Celerion expands lab capabilities for cell-based assay demand
Celerion, a Lincoln, Neb.-based provider of early clinical research, has expanded laboratory capabilities to meet growing demand for cell-based assays. Assays involving whole cells provide a variety of measures of drug activity or effect that can be important endpoints in clinical research.
Celerion has expanded this capability in response to client demand for immunogenicity assessment for large molecule analysis and for immune monitoring assays in drug development. It also supports the recently issued FDA guidance Immunogenicity Assessment for Therapeutic Protein Products.
Celerion is able to support clients’ evolving needs in immunogenicity assessment by leveraging appropriate biological models for the assessment of antidrug neutralizing antibodies. This methodology can be used to examine cell morphology, cell differentiation, cell cycle effects including apoptosis, protein regulation including modification and expression levels, and transcription activity. These assays are important biomarkers in clinical research programs of large molecule and biologically manufactured drugs including biosimilars.

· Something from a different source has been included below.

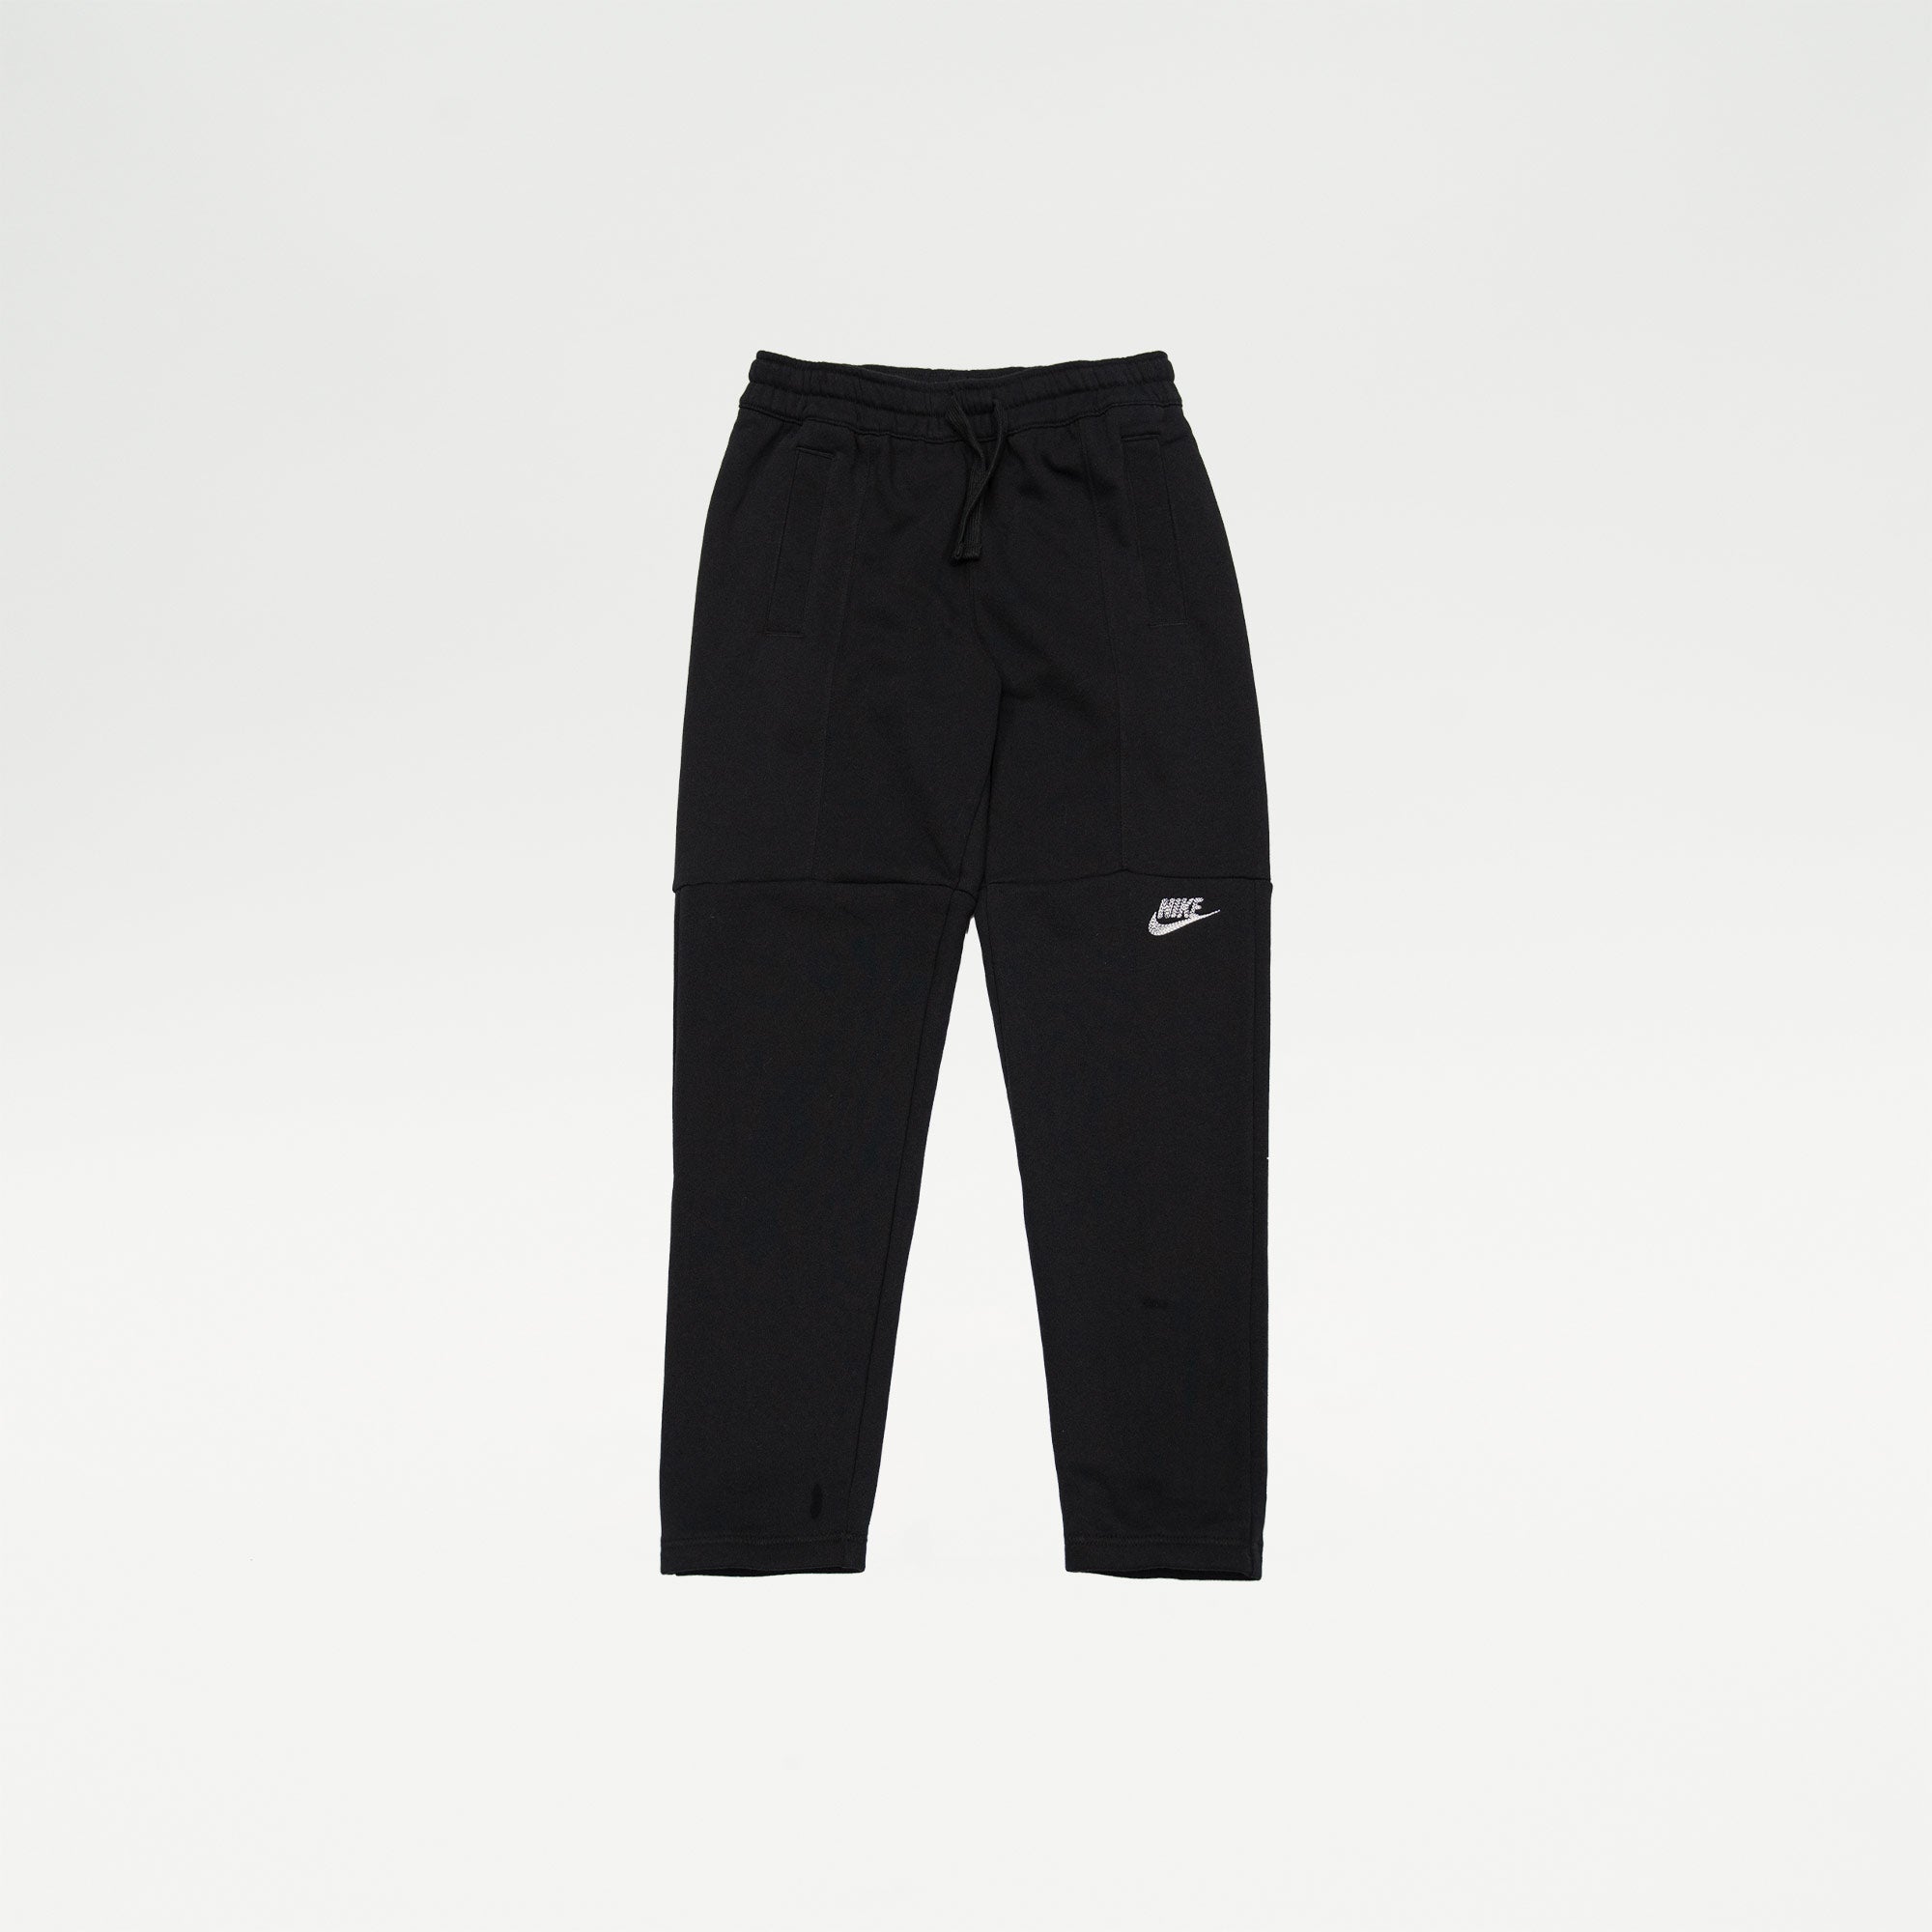 Nike Boys Sportswear Pants

Celerion’s laboratory in Nebraska is focused on flow cytometry, a powerful technique that allows the detection and measurement of different cell populations within a biological sample. The use of flow cytometry enables Celerion to develop de-novo flow cytometry assays such as cell signaling, target engagement, natural killer cell and immune function assessments.
These methods are utilized to measure therapeutic response, stratification of patient populations and the evaluation of predictive diagnostic or prognostic biomarkers in clinical research. Many of these assays require fresh samples, so being co-located within Celerion’s clinical research unit in Nebraska enables clients to leverage this technology as part of early evaluation of a new drug’s safety and pharmacological effects.
“Utilizing cell-based assay capabilities enables our clients to gain key safety data that allows them to make critical decisions for their drug development programs,” said Ray Farmen, Ph.D., vice president of global bioanalytical services at Celerion.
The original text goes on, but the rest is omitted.